→ **What to work on**
Return the material below exactly, but only from the line with "Duravit Blue Moon" through the line with "Small) by Eurotard", and without its pictures.

→ **Data**
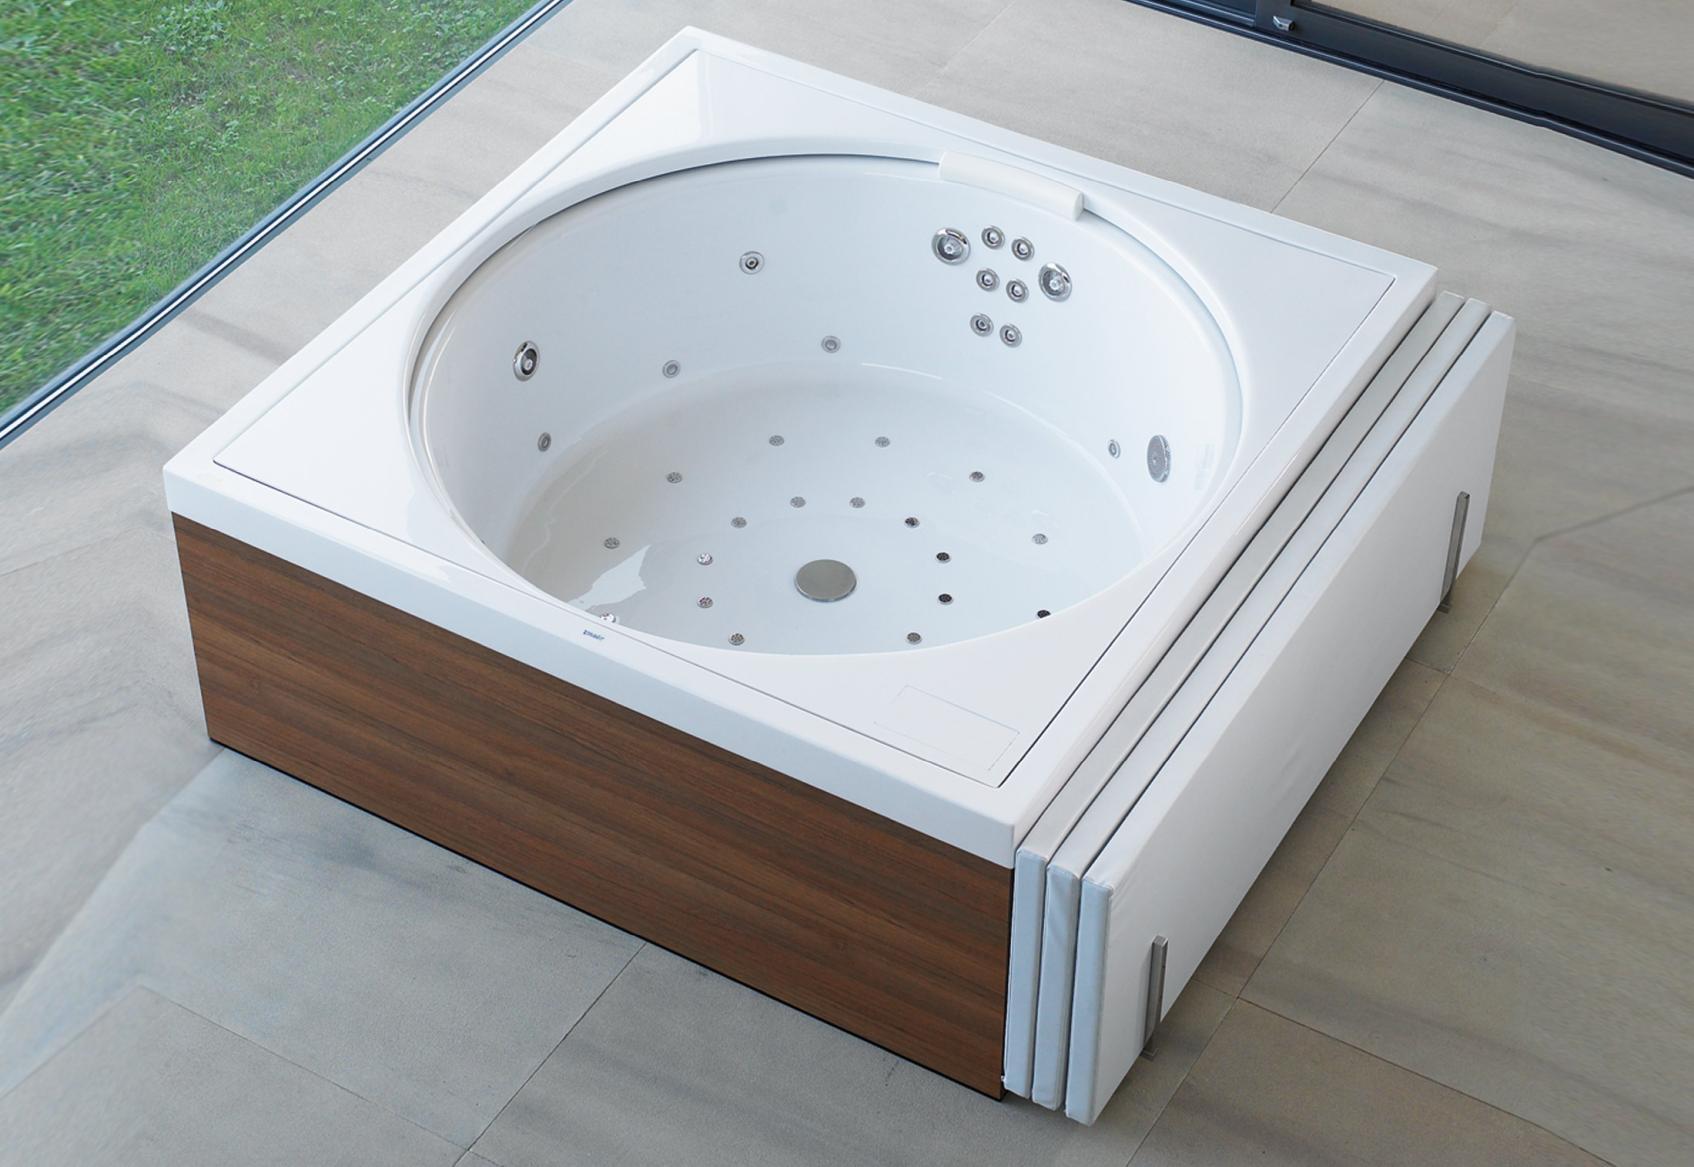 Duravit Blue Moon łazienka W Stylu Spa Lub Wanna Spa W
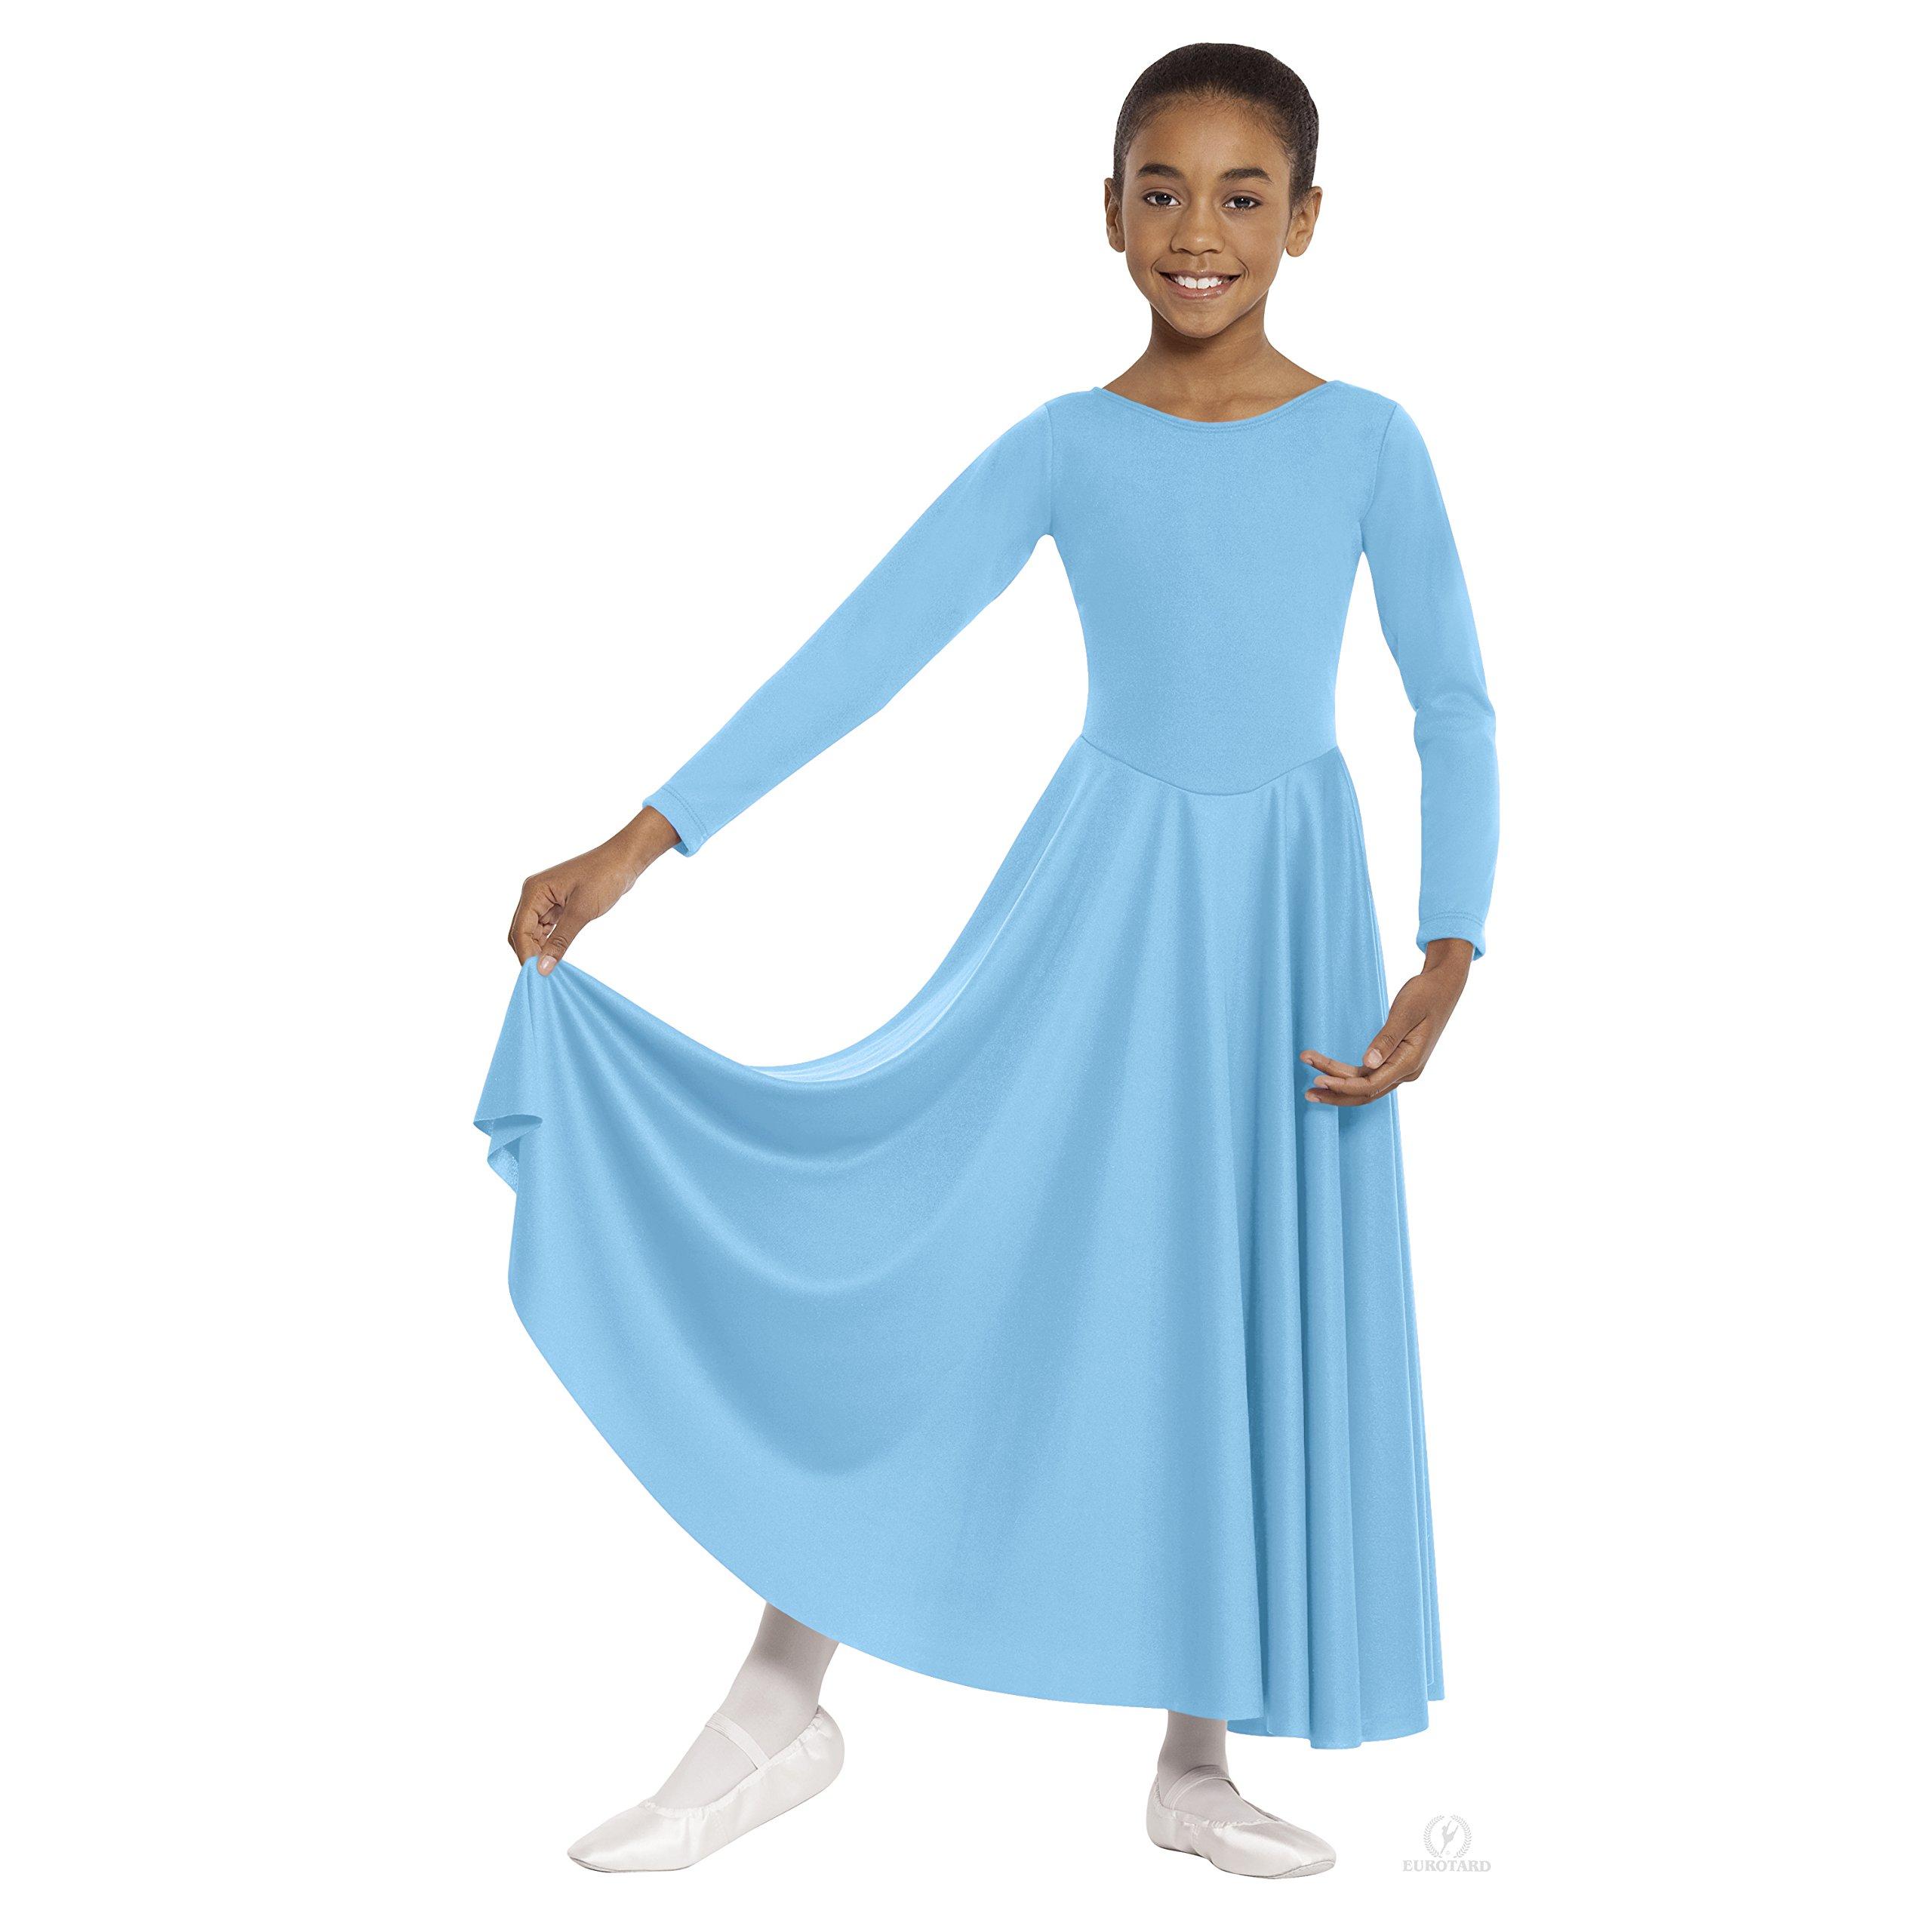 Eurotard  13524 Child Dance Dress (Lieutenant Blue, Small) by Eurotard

--

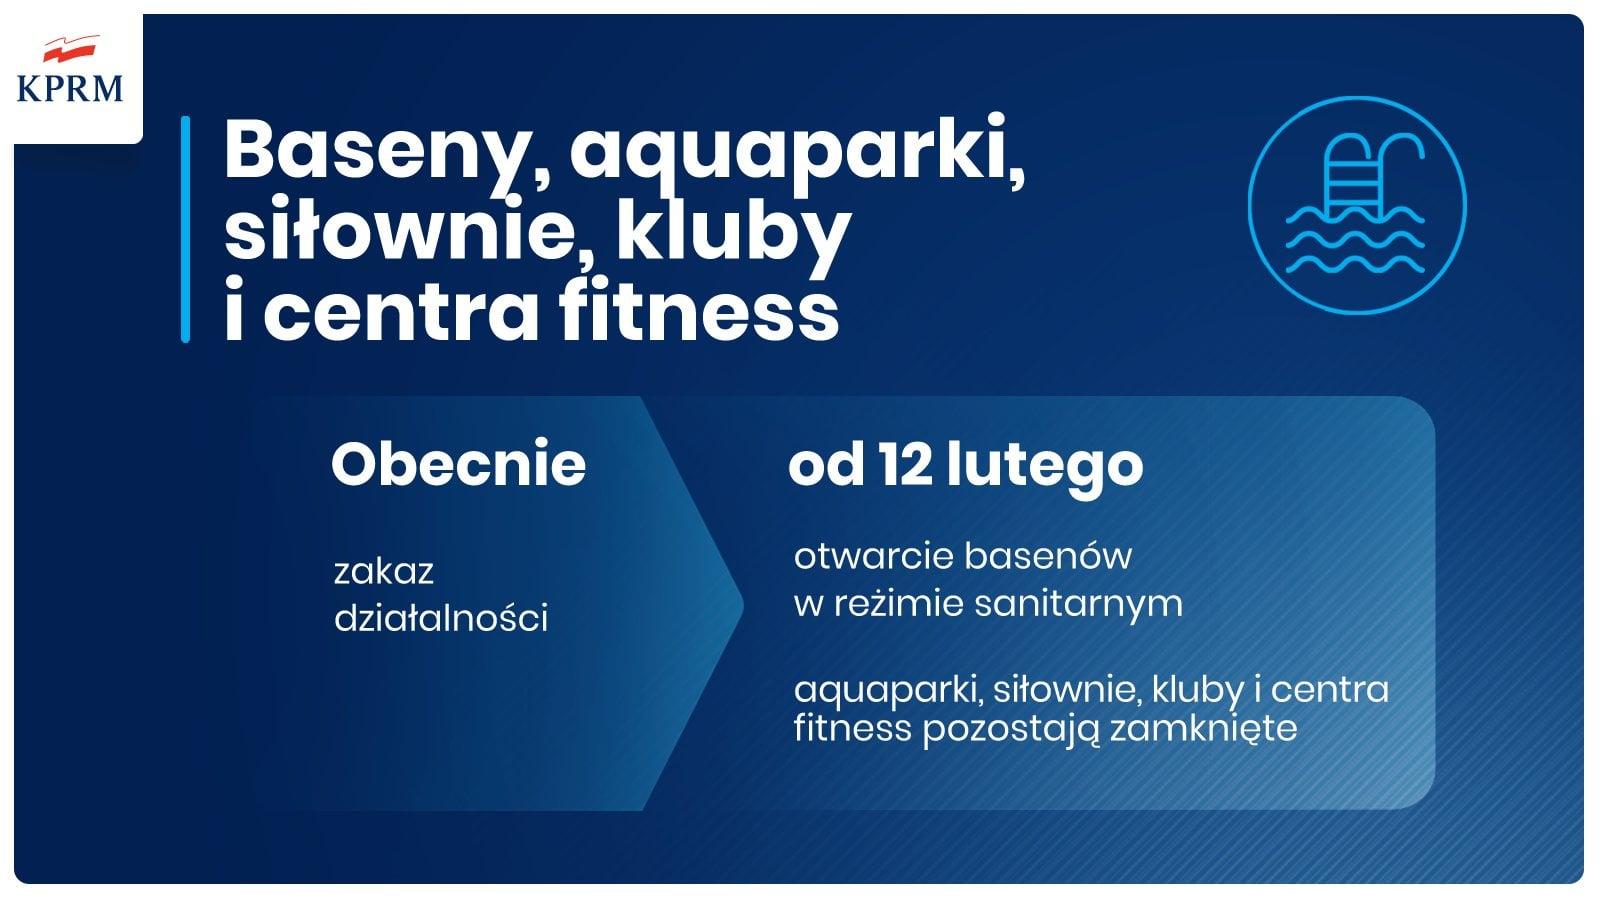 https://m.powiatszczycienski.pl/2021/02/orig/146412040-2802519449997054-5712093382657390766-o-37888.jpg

...

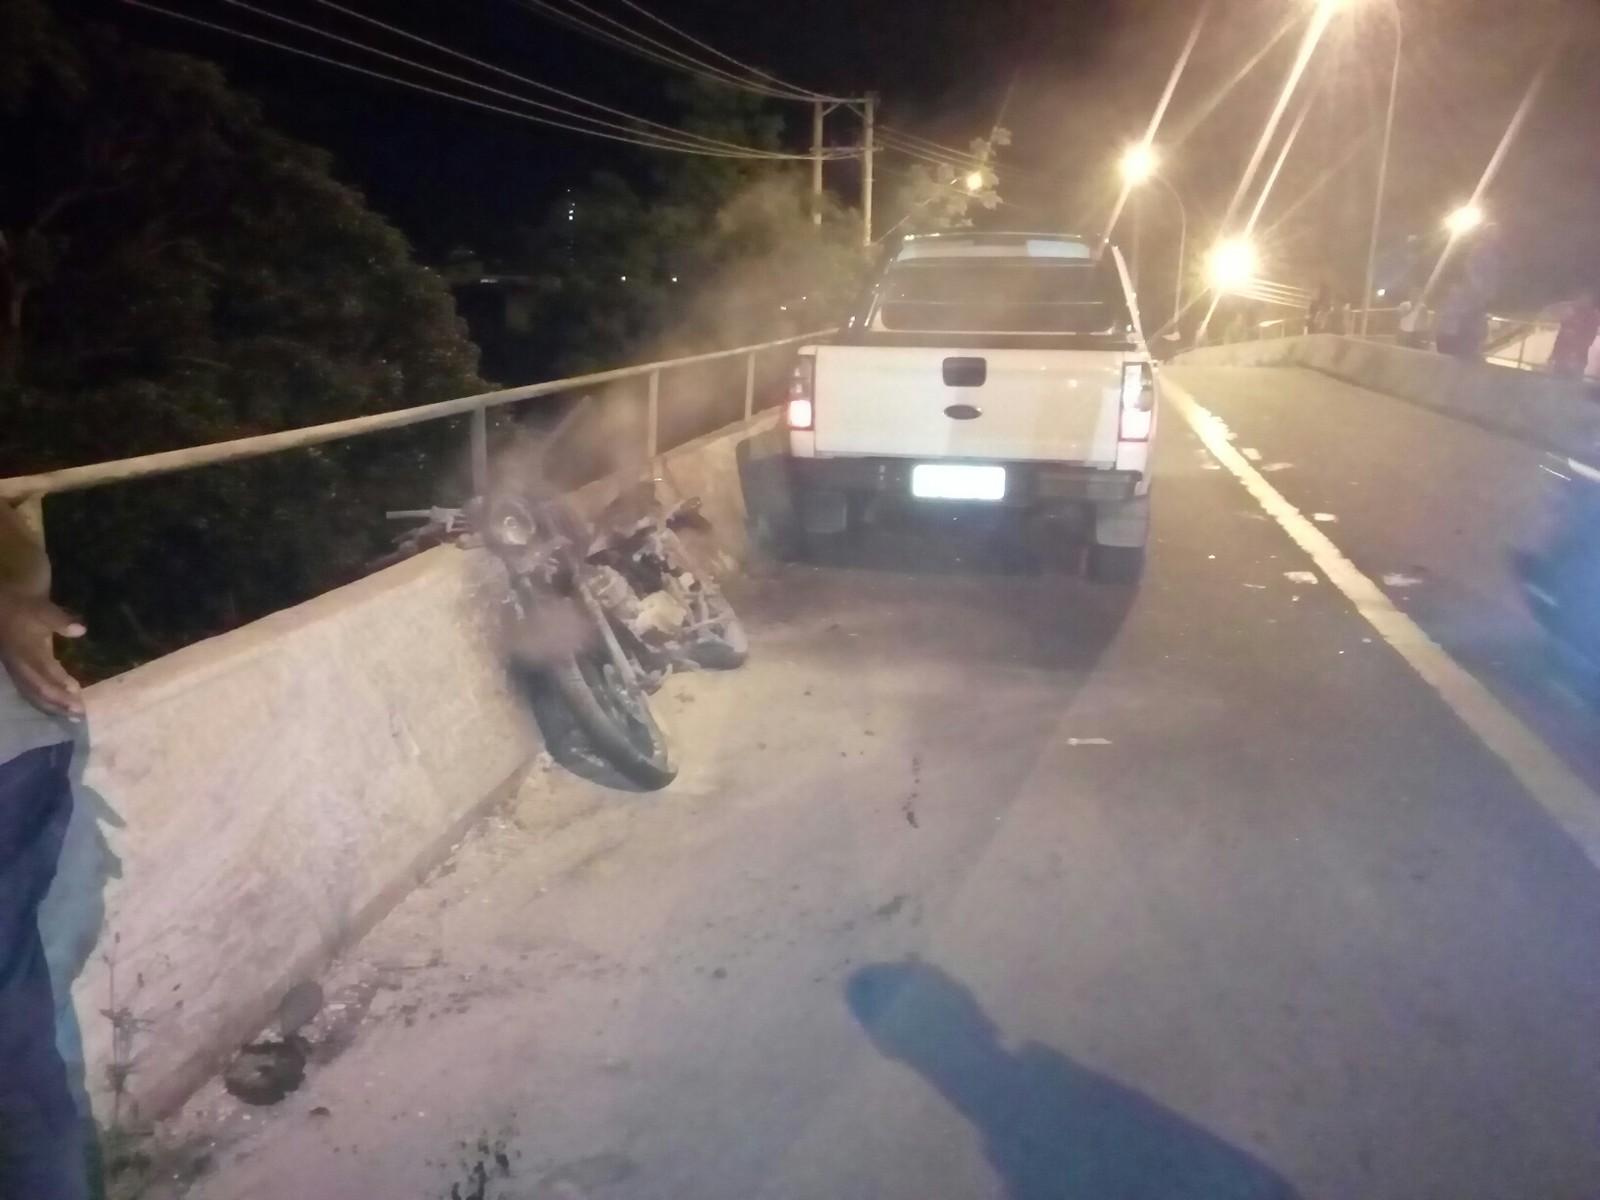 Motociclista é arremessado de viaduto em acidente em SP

→ **Solution to the problem**
 Duravit Blue Moon łazienka W Stylu Spa Lub Wanna Spa W
 Eurotard  13524 Child Dance Dress (Lieutenant Blue, Small) by Eurotard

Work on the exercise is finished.